Description
This Cinnamon Peach Bread is a moist, flavorful loaf bursting with fresh peach chunks and warm cinnamon spice. Perfect as a sweet breakfast treat or an afternoon snack, it combines tender bread with a delightful nutty crunch from optional pecans or walnuts. With a balance of sweetness from both granulated and brown sugars, plus the richness of sour cream, this bread delivers a comforting homemade experience that’s easy to prepare and bake.
Ingredients
Scale
Dry Ingredients
- 2 cups all-purpose flour
- 1 cup granulated sugar
- 1/2 cup packed brown sugar
- 1 teaspoon baking soda
- 1 teaspoon baking powder
- 1 teaspoon ground cinnamon
- 1/2 teaspoon salt
Wet Ingredients
- 1/2 cup unsalted butter, melted
- 2 large eggs
- 1 teaspoon vanilla extract
- 1/2 cup sour cream
Add-ins
- 2 cups fresh peaches, peeled, pitted, and diced
- 1/2 cup chopped pecans or walnuts (optional)
Instructions
- Preheat the oven: Preheat your oven to 350°F (175°C) and prepare a 9×5-inch loaf pan by greasing and flouring it to prevent sticking.
- Mix dry ingredients: In a large bowl, thoroughly combine the all-purpose flour, granulated sugar, brown sugar, baking soda, baking powder, ground cinnamon, and salt.
- Combine wet ingredients: In a separate bowl, beat together the melted unsalted butter, eggs, and vanilla extract until fully blended, then stir in the sour cream for added moisture and richness.
- Combine wet and dry mixtures: Add the wet ingredients into the dry ingredients bowl and stir gently until just combined, being careful not to overmix to keep the bread tender.
- Fold in peaches and nuts: Gently fold the diced fresh peaches and optional chopped nuts into the batter until they are evenly distributed.
- Prepare for baking: Pour the batter into the prepared loaf pan, smoothing the top with a spatula for even baking.
- Bake the bread: Bake in the preheated oven for 60-70 minutes.
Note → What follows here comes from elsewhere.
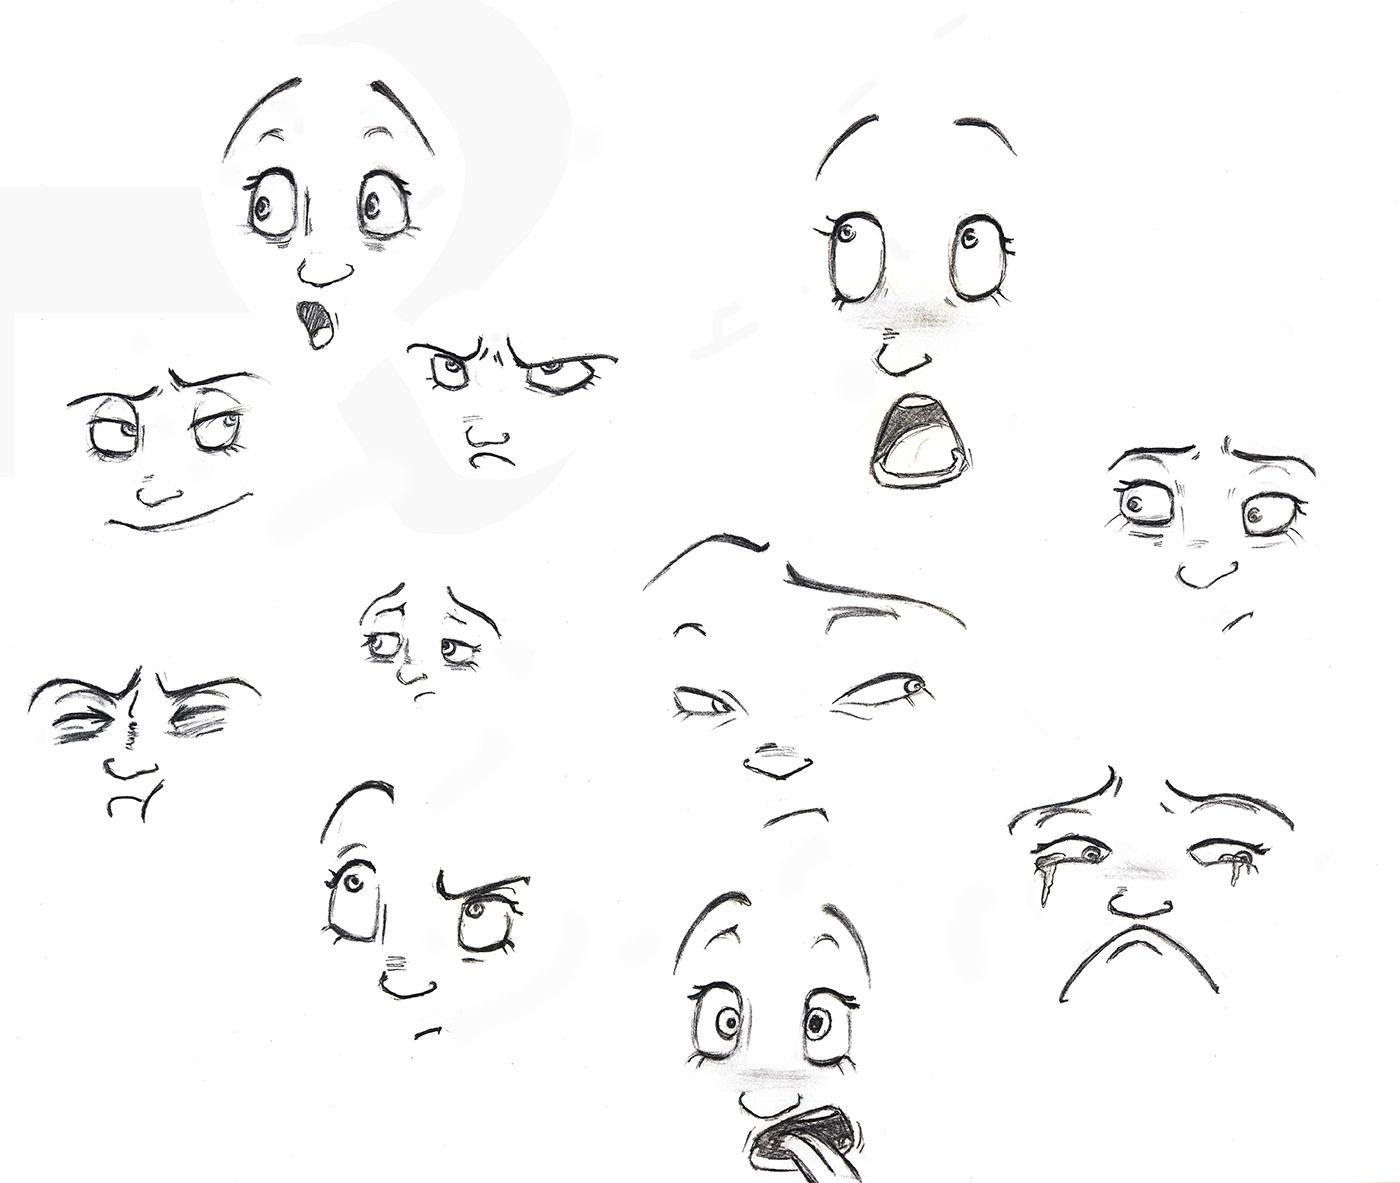 мимика лица рисунок форма плоскоклеточного рака

Use a toothpick inserted into the center of the loaf to check doneness — it should come out clean when the bread is fully baked.
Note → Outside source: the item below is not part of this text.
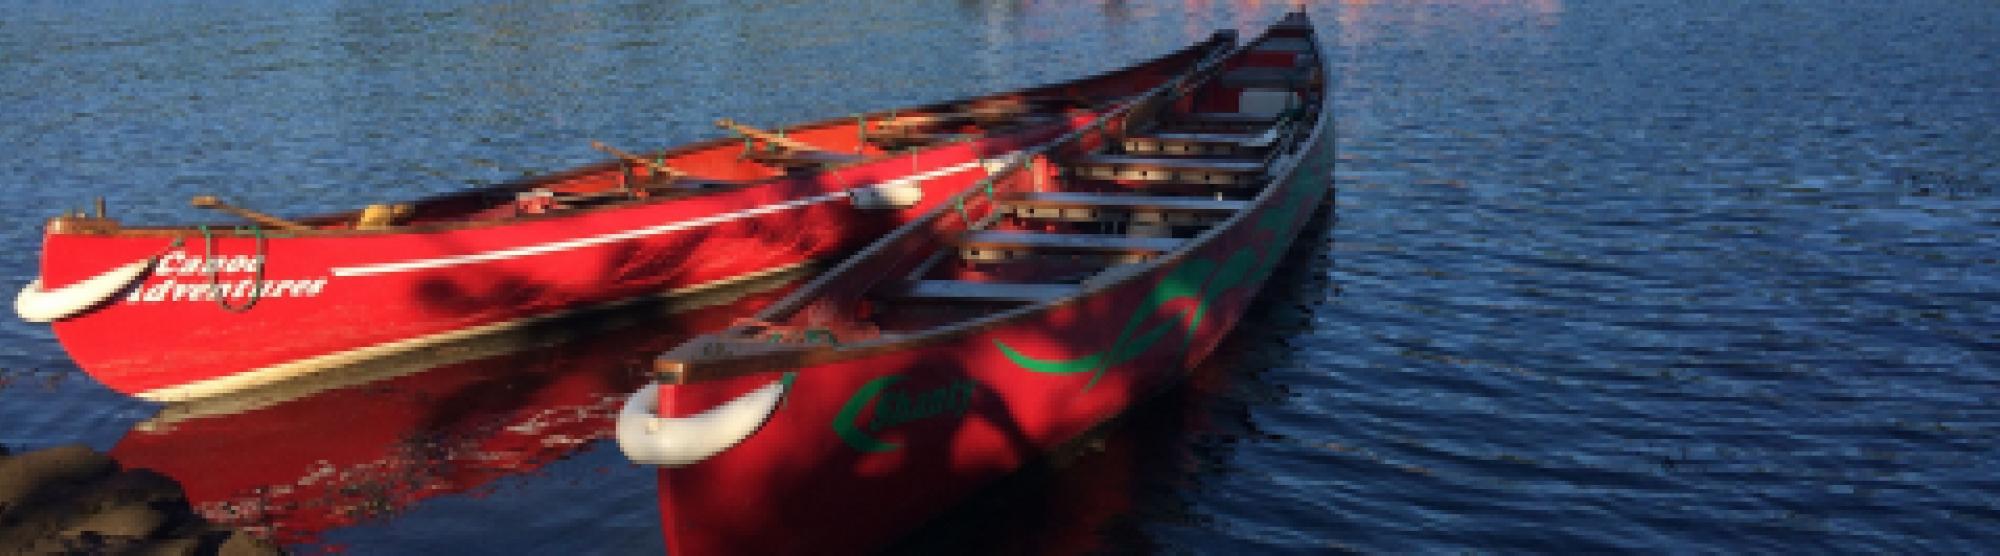 big canoes with Canoe Adventures

- Cool the bread: Remove the bread from the oven and allow it to cool in the pan for about 10 minutes, then transfer it onto a wire rack to cool completely before slicing.
Notes
- Fresh peaches should be peeled, pitted, and diced for best texture in the bread.
- Do not overmix the batter to ensure a light and tender crumb.
- Optional nuts add a pleasant crunch and nutty flavor but can be omitted for nut-free version.
- Baking time may vary; begin checking doneness at 60 minutes.
- Store cooled bread in an airtight container at room temperature for up to 3 days or refrigerate for up to a week.